Tazio Nuvolari – drugi od prawej – przy Alfie-Romeo 6C 1750, którą zajął drugie miejsce w zawodach Coppa Ciano w Livorno (notabene jadąc z dwoma złamanymi żebrami, po wywrotce motocyklowej). W centrum zdjęcia – patron imprezy, faszystowski dygnitarz Costanzo Ciano.
***
Nuvolari i Varzi byli przyjaciółmi, ale różniąc się jak ogień i woda musieli w końcu zwrócić się przeciw sobie – zwłaszcza że obaj doszli pod sam szczyt, a podium ma tylko jeden najwyższy stopień.

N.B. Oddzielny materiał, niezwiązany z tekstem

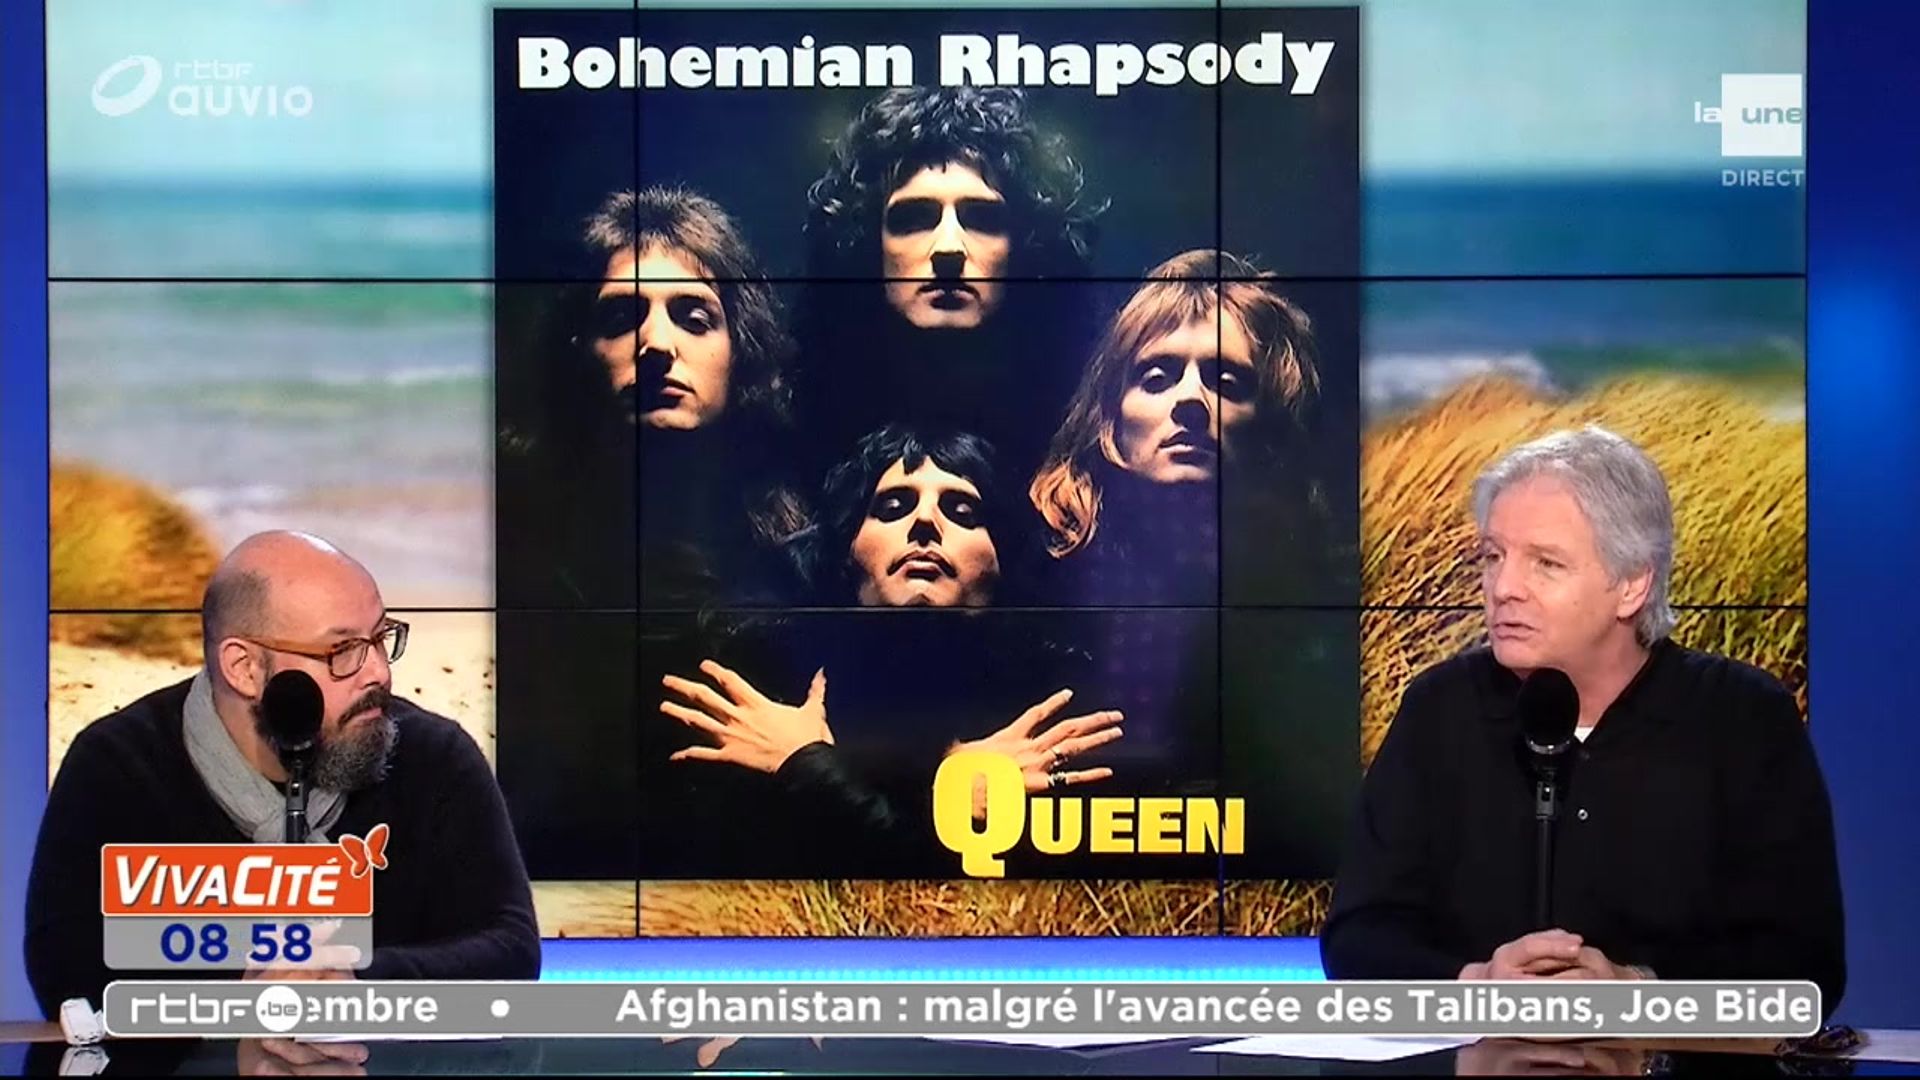 Bohemian Rhapsody Le Film - Partition complète

Mille Miglia ’30 było wyjątkowe: Wielki Kryzys nie zdążył jeszcze dotrzeć do Europy, więc sponsorzy znaleźli pieniądze na dodatkowe nagrody dla amatorów, co przyciągnęło na start aż 135 załóg i wyjątkowo wielu dziennikarzy. Zmagania śledzili więc niemal wszyscy Włosi, którzy – mimo obecności wielu topowych zawodników – obserwowali głównie naszych dwóch bohaterów, najszerzej opisywanych w mediach. Szefa zespół Alfy-Romeo, Vitorio Jano, konkurencji się nie bał – za największe zagrożenie uznał rywalizację wewnętrzną, przyjął więc specyficzną strategię uspokajania swoich kierowców: na postojach mechanicy mieli zapewniać ich o pewnym sukcesie, by studzić zapał do zbytnio zaciekłej walki.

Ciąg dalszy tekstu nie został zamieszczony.